Esta migración es un fenómeno universal. México ha experimentado este proceso de forma exponencial. INEGI registró en 1950 que el 43 por ciento de la población era urbana (vivía en ciudades). En 1990 el porcentaje fue 71 por ciento y en 2020 alcanzó el 79 por ciento. Lo mismo sucede a nivel mundial: Por continentes, América es el que mayor porcentaje de población urbana refleja con 83 por ciento, Europa tiene 76 por ciento, mientras que Asia y África no alcanzan el 50 por ciento.
Se tiene previsto que esta migración crezca y los programas y políticas públicas cada vez se enfocan más a preparar las ciudades para recibir más población rural, cuando quizá debiésemos pensar en políticas para que la población rural no se vea obligada a migrar. Pero esto genera otra controversial discusión ¿conviene más población urbana o no? De hecho, podría suceder una migración inversa en los próximos años, nada es imposible ahora que la pandemia ya nos mostró escenarios inéditos.
La principal razón de que la población migra a las ciudades es la diversidad de “oportunidades” que estas ofrecen, aunque ello signifique grandes sacrificios. Migrar a la ciudad significa buscar un lugar que tenga mejores servicios de salud a costa de dejar el campo que hoy es la mejor medicina para la humanidad. Implica también tener a la mano áreas recreativas y de ocio, aunque abandonen con ello los mejores parajes naturales que hoy anhelamos en ciudades. Esta migración representa también mejores oportunidades de educación aún y cuando en el campo la naturaleza nos ofrece grandes lecciones de vida. Es paradójico, pero el futuro más prometedor, al paso que vamos y desde mi punto de vista, no son las ciudades.
En Sinaloa, las ciudades de Mazatlán y Culiacán se expanden mucho más de lo que se incrementa su población. Esto pudiese significar que la gente cada día se dispersa más en la ciudad; sin embargo, existen estudios que demuestran que lo que está sucediendo en ambas ciudades es una sobrepoblación concentrada sólo en sus periferias mientras que las zonas céntricas sufren despoblamiento, un efecto de “centrifugado urbano”.

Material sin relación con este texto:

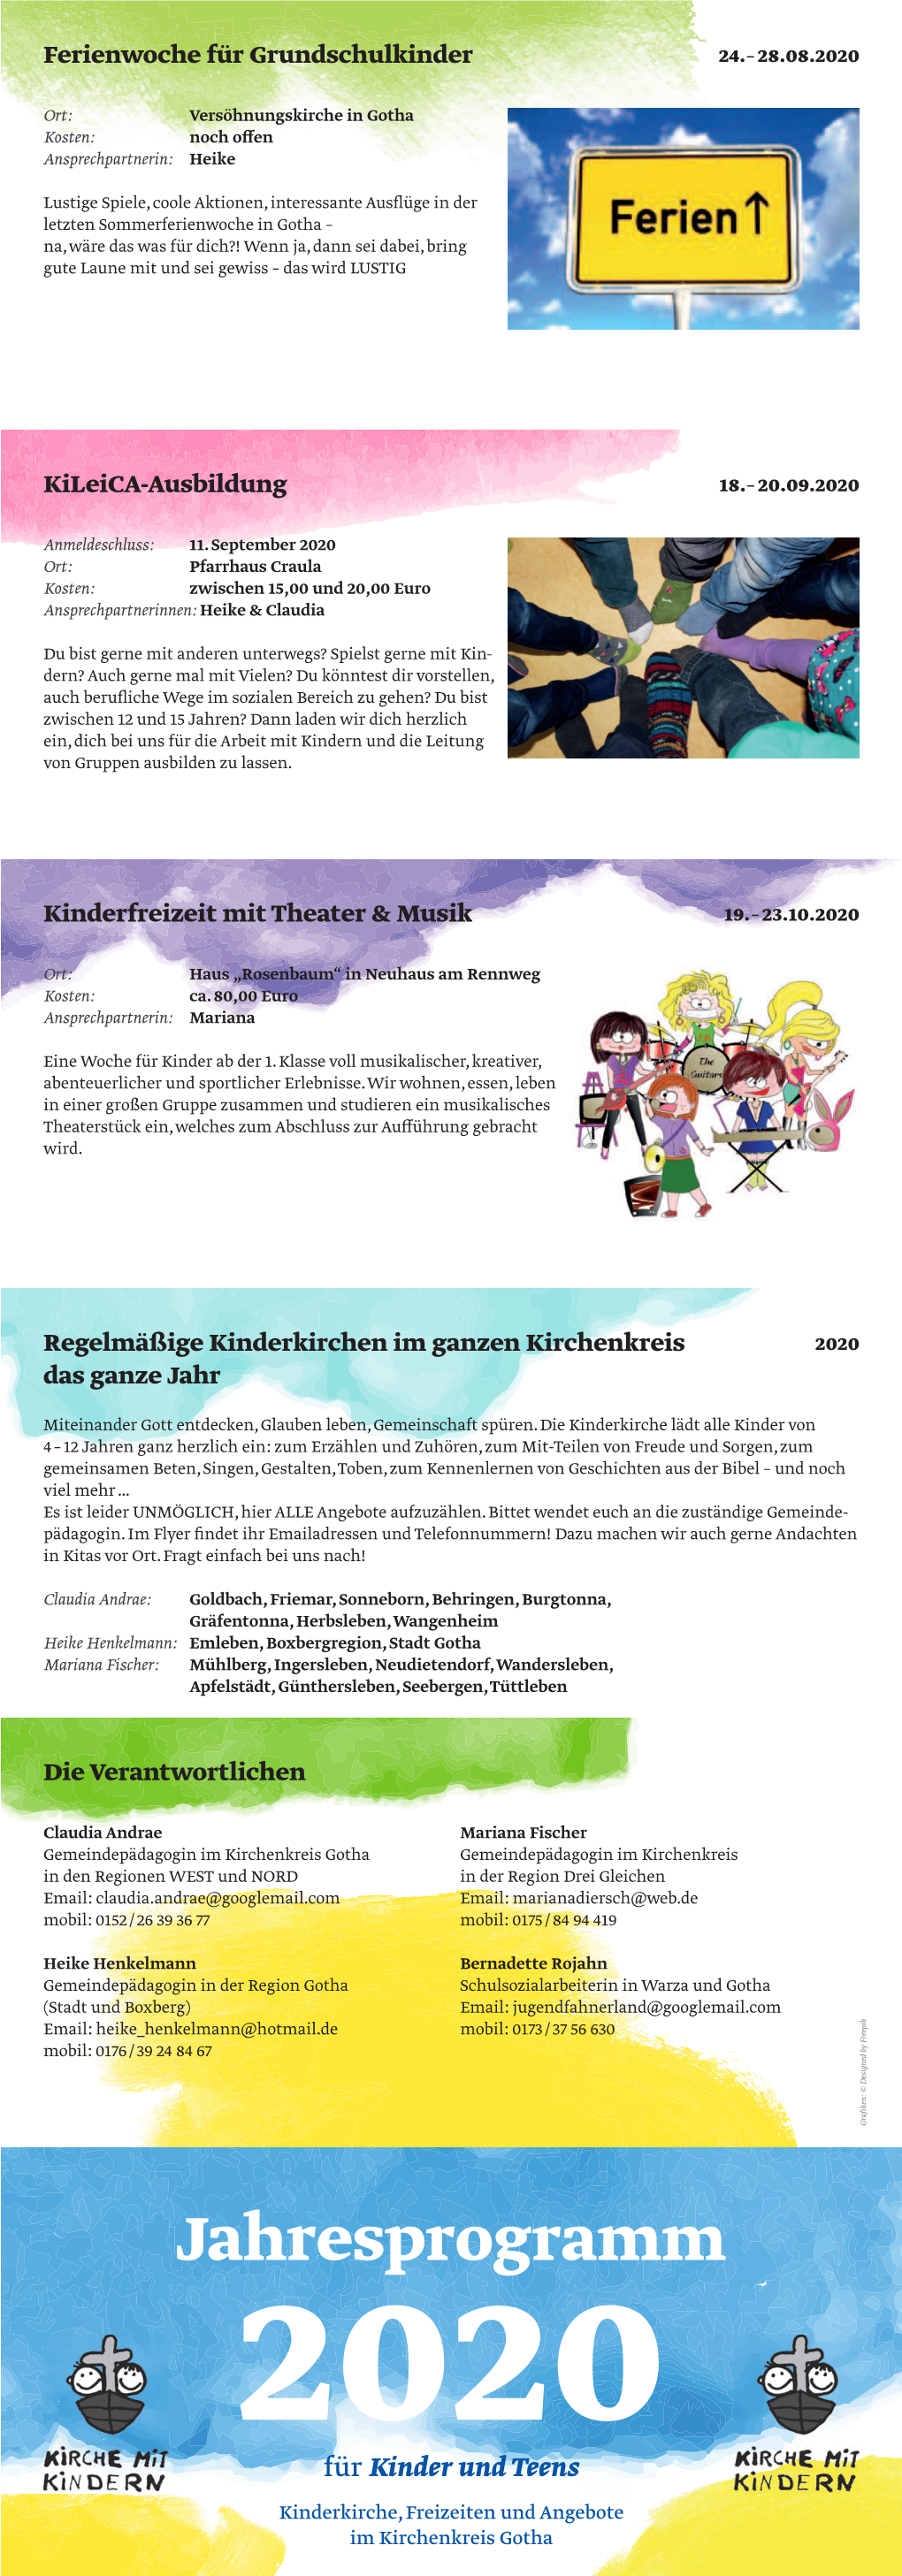 Jahresprogramm 2020 Für Kinder Und Teens Kinderkirche, Freizeiten Und Angebote Im Kirchenkreis Gotha Church–Night Mit Claudia & Anne 6

Este efecto provoca una problemática multifactorial: altos costos de servicios (agua, drenaje, recolección de basura, seguridad, etc.); mayor accidentalidad al incrementar la longitud y tiempo de los desplazamientos (Sinaloa fue primer lugar del país en muerte por accidente vial en 2020), más riesgos por inundaciones al reducir, invadir o modificar arroyos naturales o incrementar superficies pavimentadas y, por si fuera poco, muchos de estos factores participan en la concentración de los peores índices de contaminación atmosférica, acústica, de suelo y de agua. Finalmente, este “coctel molotov” hacen del ciudadano urbano un ser seriamente vulnerable a epidemias como la que hoy vivimos.
Muerte y Vida de las Grandes Ciudades se llama el libro cumbre de la célebre activista urbana Jane Jacobs que viene a cuenta para plantear la analogía de la ciudad como un ser viviente, que también crece, que trabaja, se alimenta, duerme e incluso se recrea. Que tiene pulmones y respira, pero que también sufre y se enferma. Tiene arterias que se saturan (los automóviles son su colesterol) e incluso sufren parálisis eventuales. Cada día se deteriora más y aunque son muy longevas también pueden morir.
En Sinaloa nuestras ciudades son jóvenes, pero ya tienen diversos padecimientos, muchos de ellos son ya crónicos. ¿se pueden recuperar? Considero que sí, siempre y cuando opten por una vida más saludable. Mi propuesta para Sinaloa, en esta nueva era administrativa es trabajar para que la vida en las ciudades sea más sostenible, justa y democrática; sin descuidar que, en el ámbito rural, sea cada vez más digna y respetable.